The dorsal language circuit is composed of white matter fascicles thought to connect Broca’s area in the frontal lobe (Region 1), Geschwind’s territory in the parietal lobe (Region 2), and Wernicke’s area in the temporal lobe (Region 3). The median tract was manually selected from those tracts to perform fascicle-based spatial statistics (FBSS).

Fig. 12

Fascicle-based spatial statistics of multi-fascicle models reveal local differences in the white fascicle properties that single tensor DTI cannot. Curves show the mean FA along the median tract of the dorsal language circuit in each group. Shaded area along the curves represent two standard errors. Grey rectangles indicate that the FA in that cluster is significantly different between the two groups.

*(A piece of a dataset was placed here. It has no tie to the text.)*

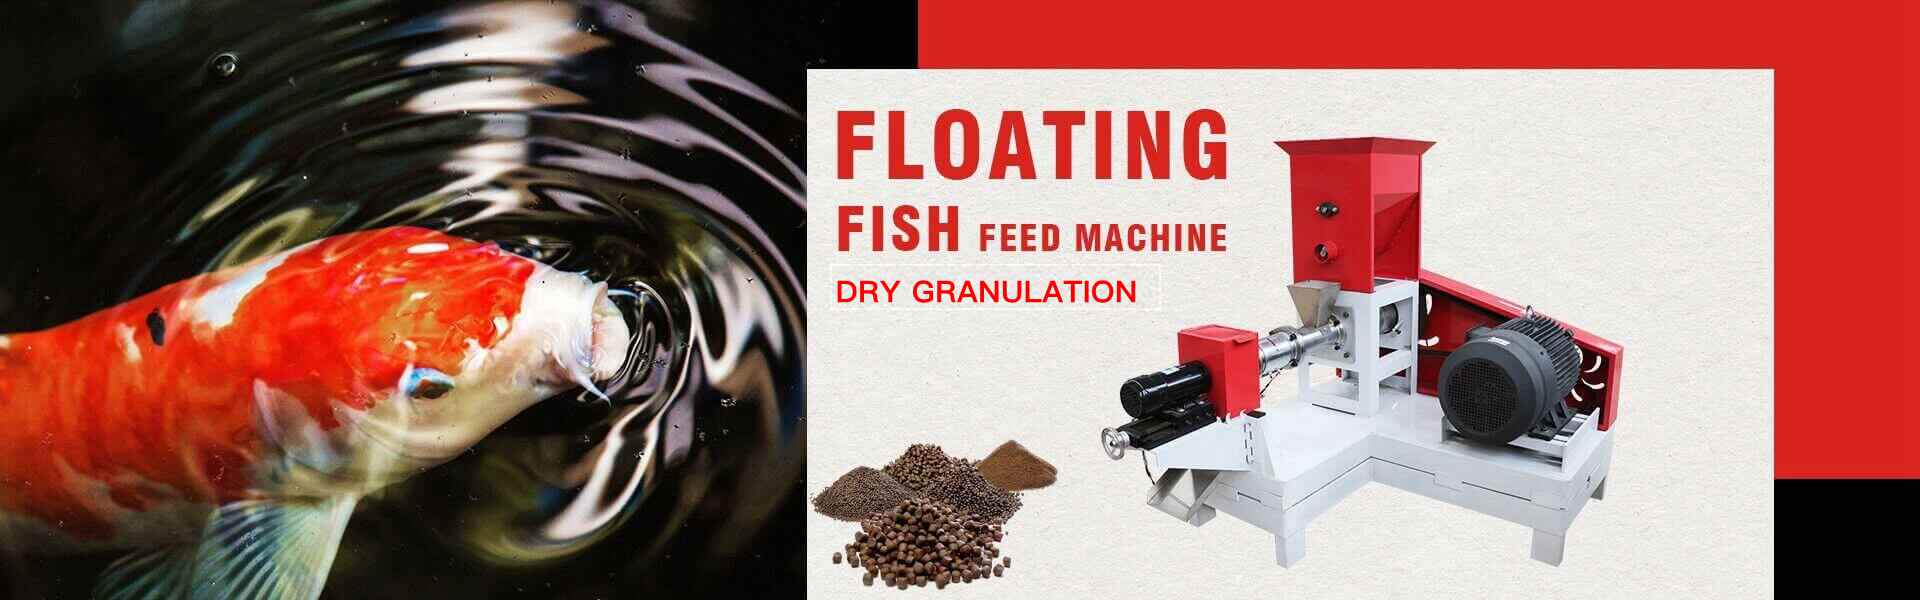 Floating fishi feed machine-Dry granulation

The top row studies differences between patients with tuberous sclerosis complex (TSC) and healthy controls. The bottom row further investigates differences between TSC patients with (TSC+ASD) and without autism (TSC-ASD). Landmarks 1, 2 and 3 correspond to those in Fig. 11.

Fig. 13

Multi-fascicle models reveal clusters of increased isotropic fraction in autism, potentially indicating the presence of neuroinflammation. Clusters found with our framework (top) are larger and more coherent than those obtained with the multi-channel alternative (results shown for t₀=3).